Self-assembling two-dimensional quasicrystals in simple systems of monodisperse soft-core disks

TL;DR

This paper demonstrates that monodisperse, isotropic soft-core disks can self-assemble into complex two-dimensional quasicrystals, including dodecagonal and octagonal types, without requiring multiple length scales or anisotropic interactions.

Contribution

It reveals the novel self-assembly of quasicrystals from simple, isotropic particles, challenging previous assumptions about the complexity needed for quasicrystal formation.

Findings

Self-assembly of dodecagonal and octagonal quasicrystals in soft-core disks.

Particles tend to form pentagons as fundamental elements.
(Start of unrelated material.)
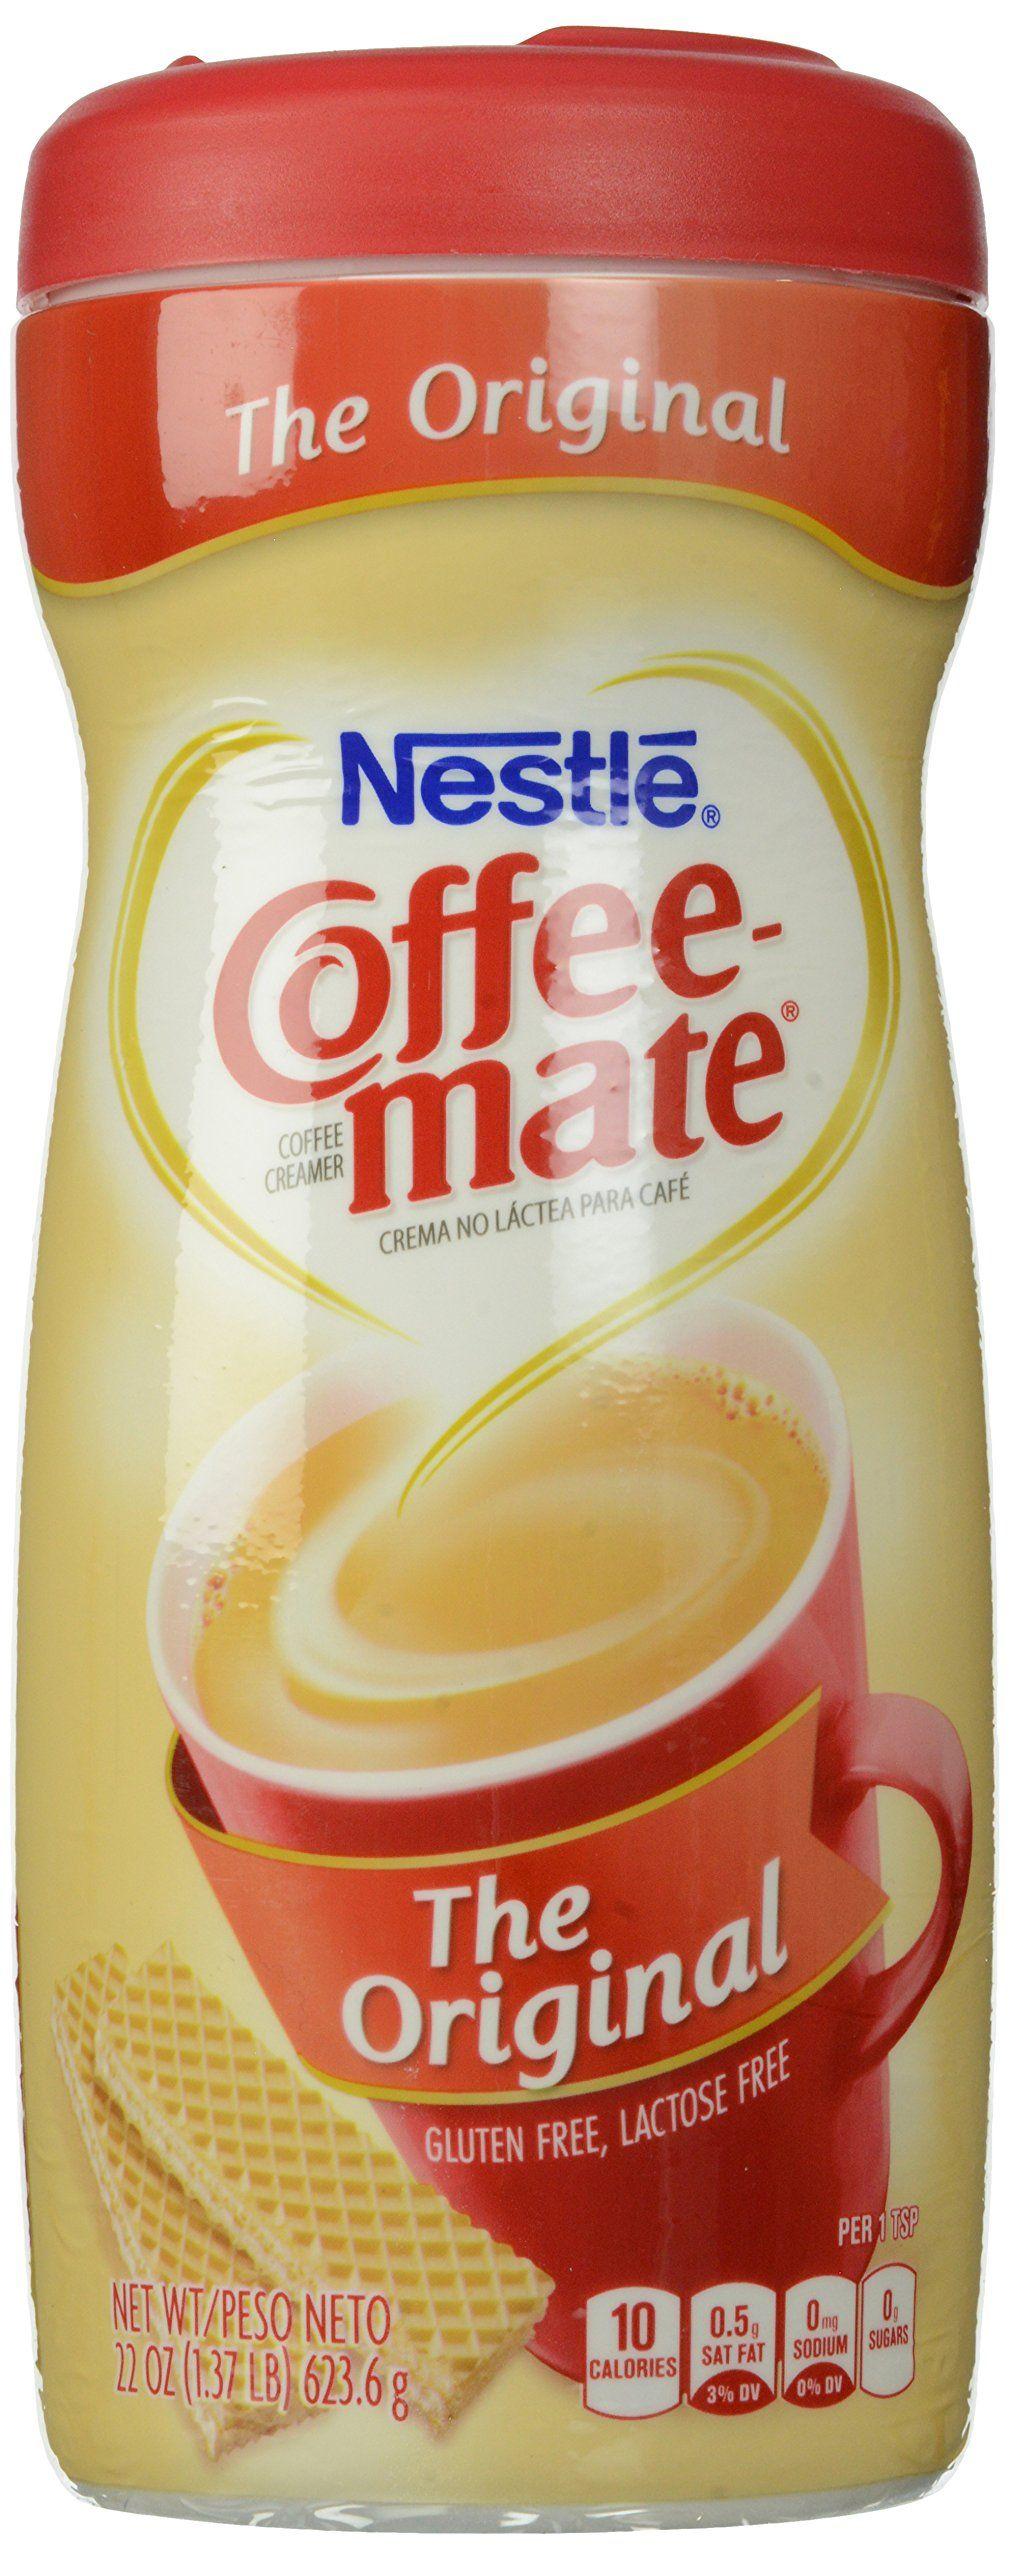 Coffeemate coffee creamer powder original 22 ounce see

Quasicrystals form without multiple length scales or anisotropic interactions.

Abstract

In previous approaches to form quasicrystals, multiple competing length scales involved in particle size, shape or interaction potential are believed to be necessary. It is unexpected that quasicrystals can be self-assembled by monodisperse, isotropic particles interacting via a simple potential without multiple length scales. Here we report the surprising finding of the self-assembly of such quasicrystals in two dimensional systems of soft-core disks interacting via repulsions. We find not only dodecagonal but also octagonal quasicrystals, which have not been found yet in soft quasicrystals. In the self-assembly of such unexpected quasicrystals, particles tend to form pentagons, which are essential elements to form the quasicrystalline order. Our findings pave an unexpected and simple way to form quasicrystals and pose a new challenge for theoretical understanding of quasicrystals.